4. Be on the look out for trainee programs and internship programs to get an idea of where you might fit in best

If you’re just starting your career, don’t rush into an established job without having done the prior legwork to figure out what’s your perfect fit.  While an initial job opportunity might lure you into full-time employment and a good salary, it’s unwise to get on board if you value long time happiness in your career.  If you’ve gone through a self-evaluation and pinned down your personality type and past successes, and you found out that the job that you’ve been selected for doesn’t really match your personality type, be prepared to be disillusioned at some point in your career as you might find yourself not fitting in at all.

This is why it’s advisable to go through some troubleshooting before embarking on a full-fledged long-term career.  Choose internship programs and trainee programs to get an idea on the perfect work environment for you.

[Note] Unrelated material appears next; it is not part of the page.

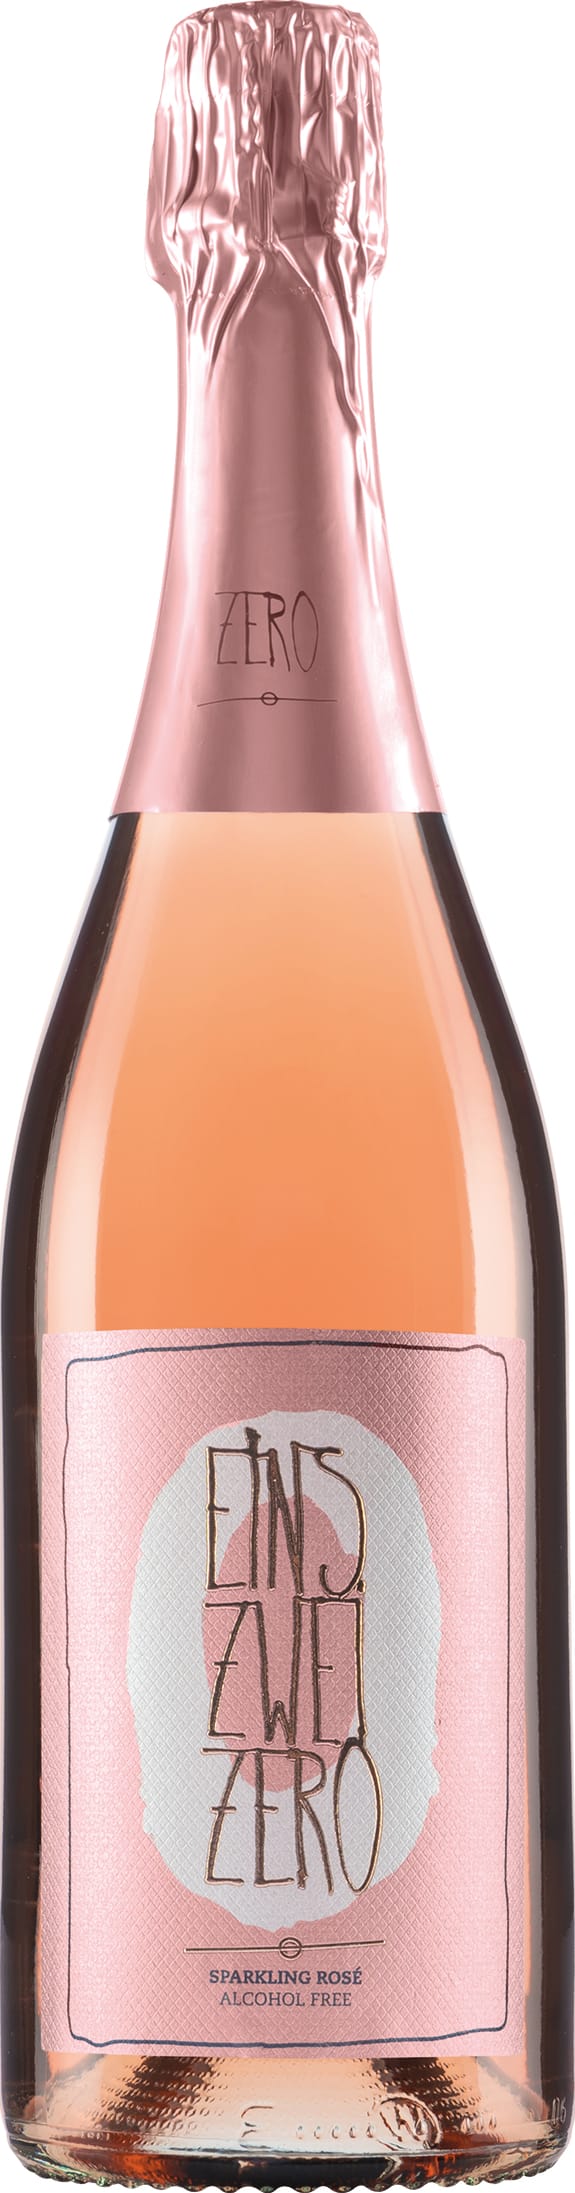 JJ Leitz Eins Zwei Zero Sparkling Rose (Alcohol Free) 75cl NV - Buy JJ Leitz Wines from GREAT WINES DIRECT wine shop

5. Discuss your options with people who know you

The people whom you’re close to are in the best position to judge your character and personality and having a conversation about your career options with them might help you get a better idea of where you stand.  Your best friend might be able to tell if you would adapt in an office setting or if you need move around constantly.


Having this conversation with close ones not only broadens your own view of yourself, but it also helps you see how people view you.  How people view you will affect you in your career, be it around the time of a 360 degrees performance evaluation or when you’re pitching yourself in for a promotion.

The most important thing about deciding what you want to do in your life is how you intend to spend the best years of your life-would you rather be in an office setting everyday or would you rather be in a creative position that entails meeting lots of people?  Would you be more satisfied with a promotion at 30 or would you rather start a family at 30?

Jotting down all these options in a realistic manner, with a list of your past successes and failures and what you’ve learned about yourself will definitely help you choose the best career path!